Blog Spam... Sigh.#

Wasted a good hour cleaning all the blog spam out of my blog.

Upgraded to the latest version of dasBlog as well to keep the crap out.

What is wrong with these people?

Drivel | Spam
Thursday, June 16, 2005 12:56:55 PM (Pacific Standard Time, UTC-08:00) #    Comments [2]  | 

 

Dustin' Off the Ole Blog...#

Been a long while since I've posted to the blog - and no, I still haven't finished the Kili picture site. I will one of these days.

So here's a recap of the fun post-Kili:

Back in November I got together with all the DotNetRocks folks for a little party and we invited along some friends - about thirty people showed up in Las Vegas for some laughs and a first screening of DotNetRocks: The Movie. It was about that time that DNR reorganized, cutting back to one hour and focusing on a more serious interview approach to the show. The silly stuff (which includes me as the ToyBoy) moved over to a new show called Mondays - What Sunday Threw Up.

Also in November my buddy Joel Semeniuk dropped into Vancouver to do a presentation on Smart Client Development to the local users groups. Which was helpful for me, because I'd do the same presentation to the Victoria .NET Users Group the following week.
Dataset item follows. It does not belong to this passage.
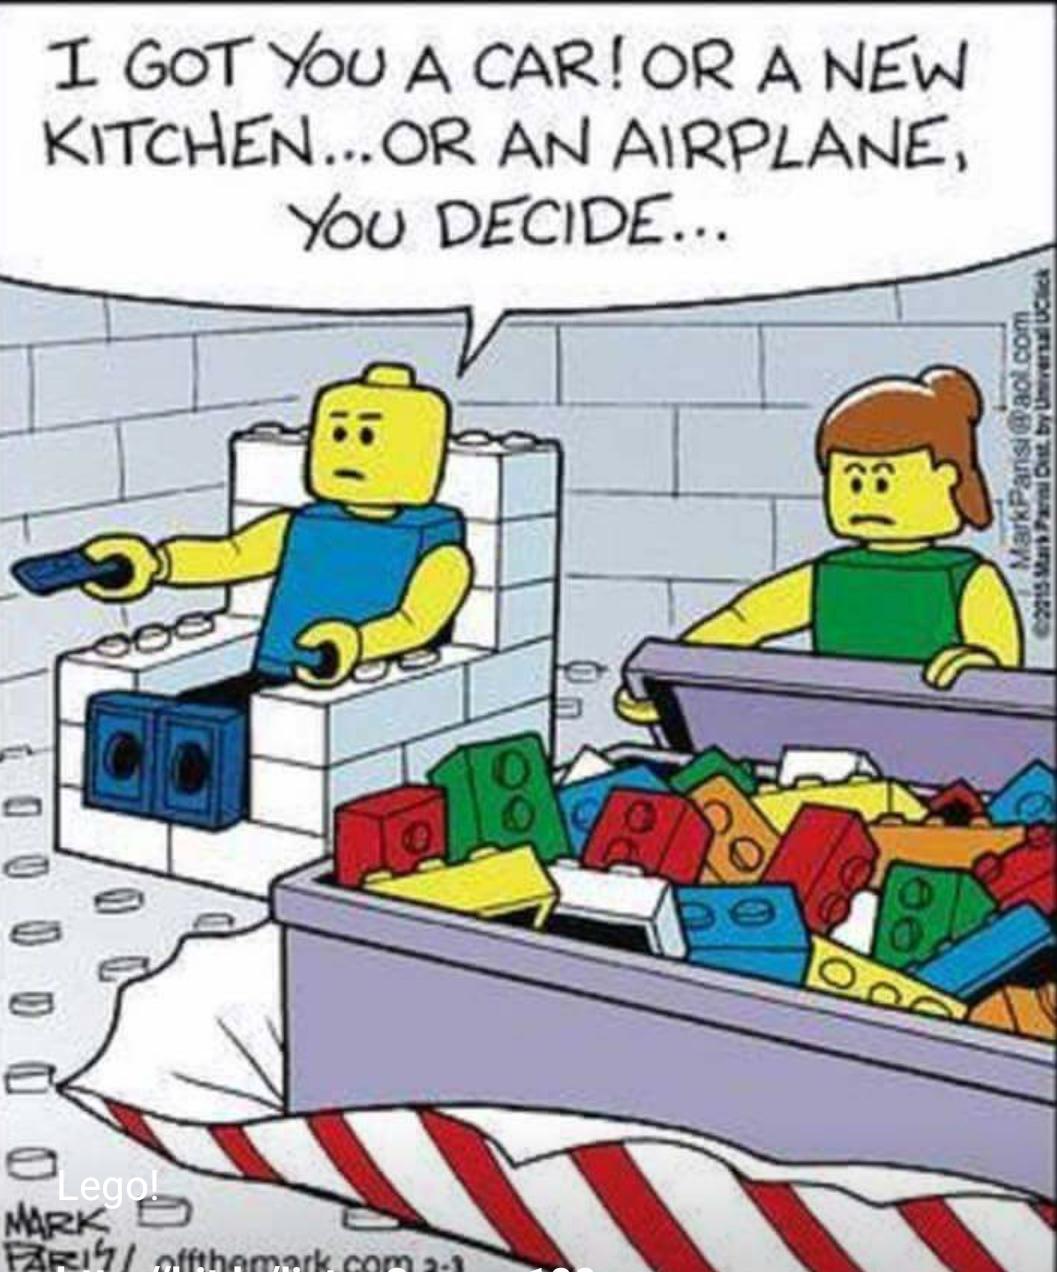 Lego relationship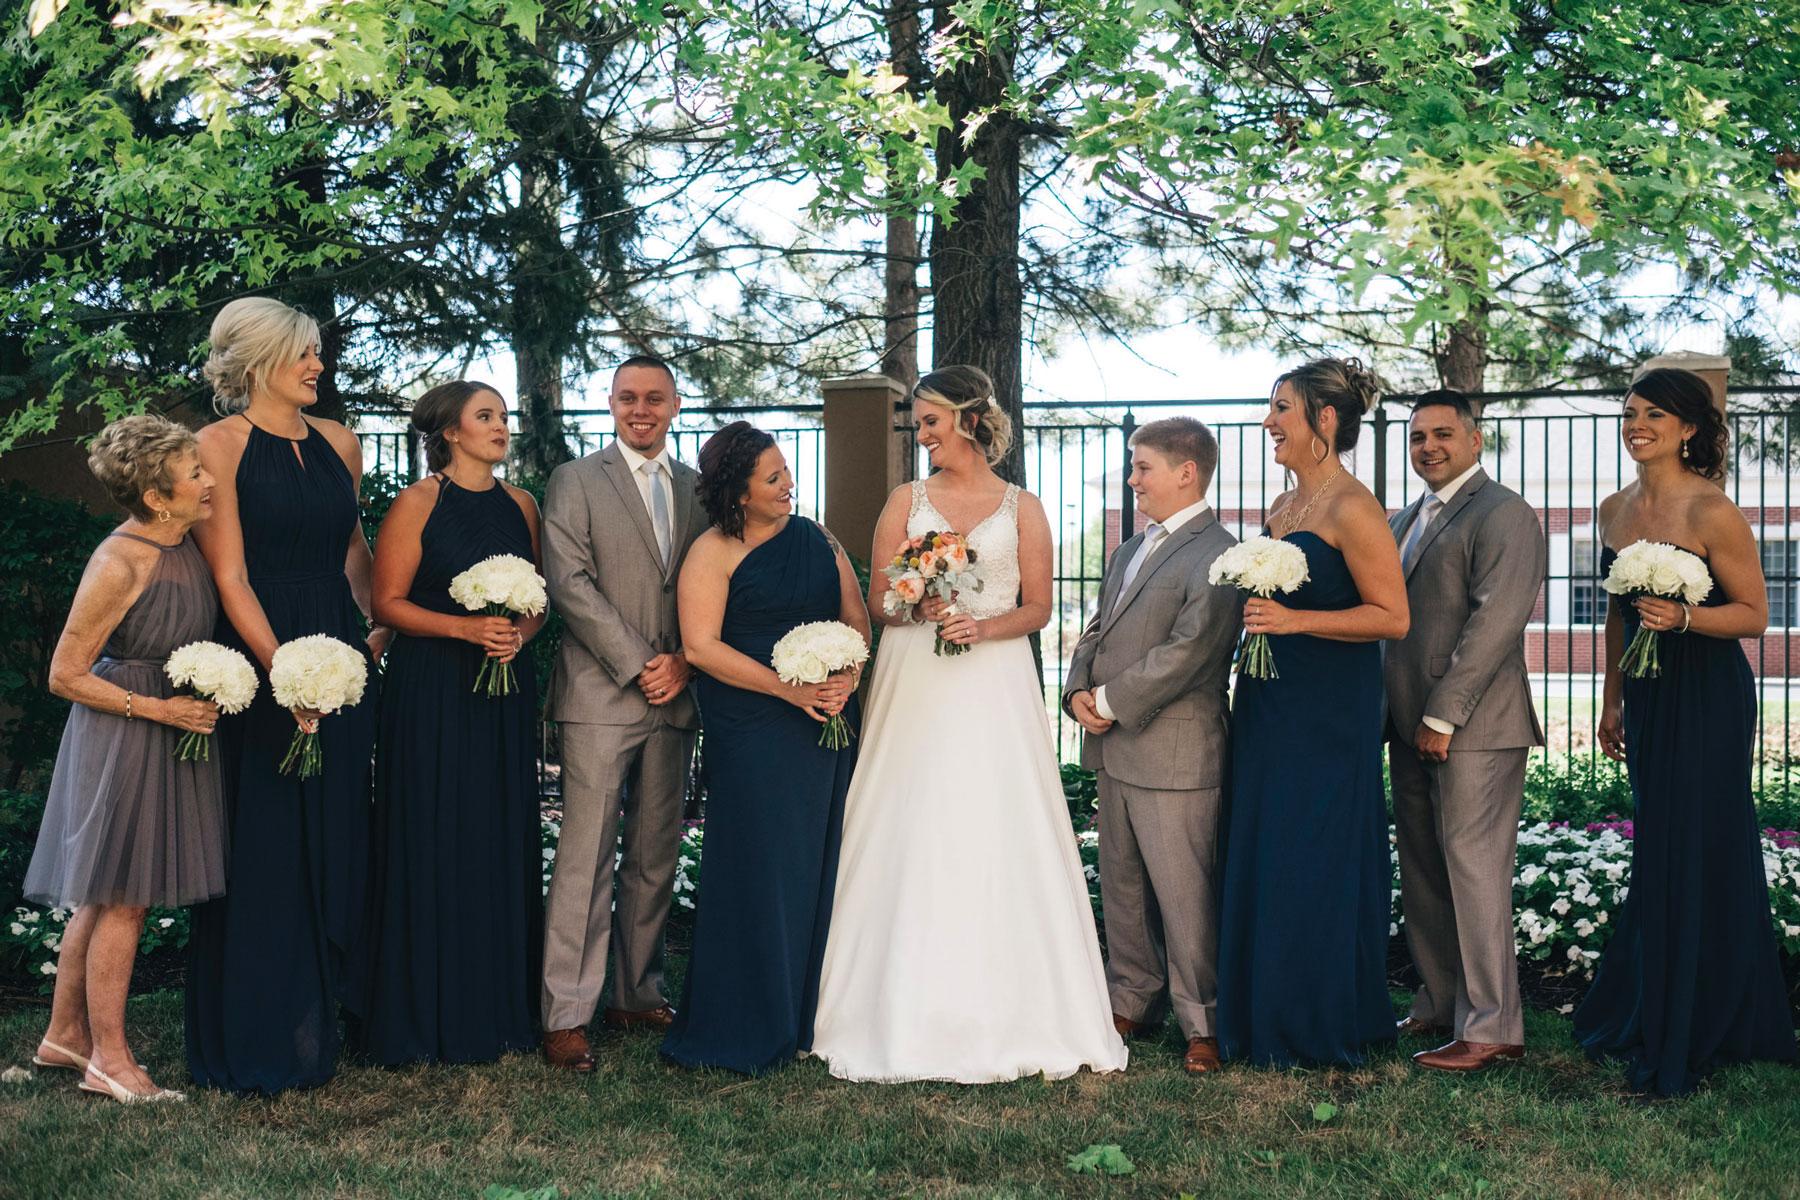 LeeAnn+Chris_Wedding-226.jpg

This year Christmas and New Years were low key events - last year the fam went to Costa Rica, which was good fun, but not exactly winter time any more. My favorite goodie for Christmas was a new set of chef's knives. Yeah I know, its weird, not a tech toy at all, but I already got lots of 'em, and everyone has given up trying to buy them for me, I'm too particular. But a good Heckel knife, well, that's a great gift.

So what's coming up? Well, DNR's 100th show is coming and I've been invited to reminisce with Carl and the gang. There's a new tour on Interoperability coming too. And I've got a whole bunch of crazy new hardware to set up. And then there's some really important stuff (see next post).

Sunday, January 23, 2005 8:00:10 AM (Pacific Standard Time, UTC-08:00) #    Comments [0]  | 

 

Home and Kili-Bagged...#

In case you haven't heard, yes, I did summit Kilimanjaro with my friends (some old and some new).

Here's a shot of me at the top, there's lots more to sort out, I'll keep you posted.

Tuesday, October 26, 2004 9:44:43 AM (Pacific Standard Time, UTC-08:00) #    Comments [0]  | 

 

Last weekend before Kilimanjaro...#

Its a busy weekend for me, making sure I have all my gear ready to climb Kilimanjaro.

There are twelve people going in all, including my friends Steve Forte, Adam Cogan, Paul Sheriff (and his wife Anne).

I've gotten awfully lazy as a traveller over the years, used to being able to buy whatever I'm missing when I get where I'm going... not so in Tanzania. So, unlike my usual behavior of packing a couple of hours before leaving, now I'm inventorying and test packing everything five days before I go. Weird.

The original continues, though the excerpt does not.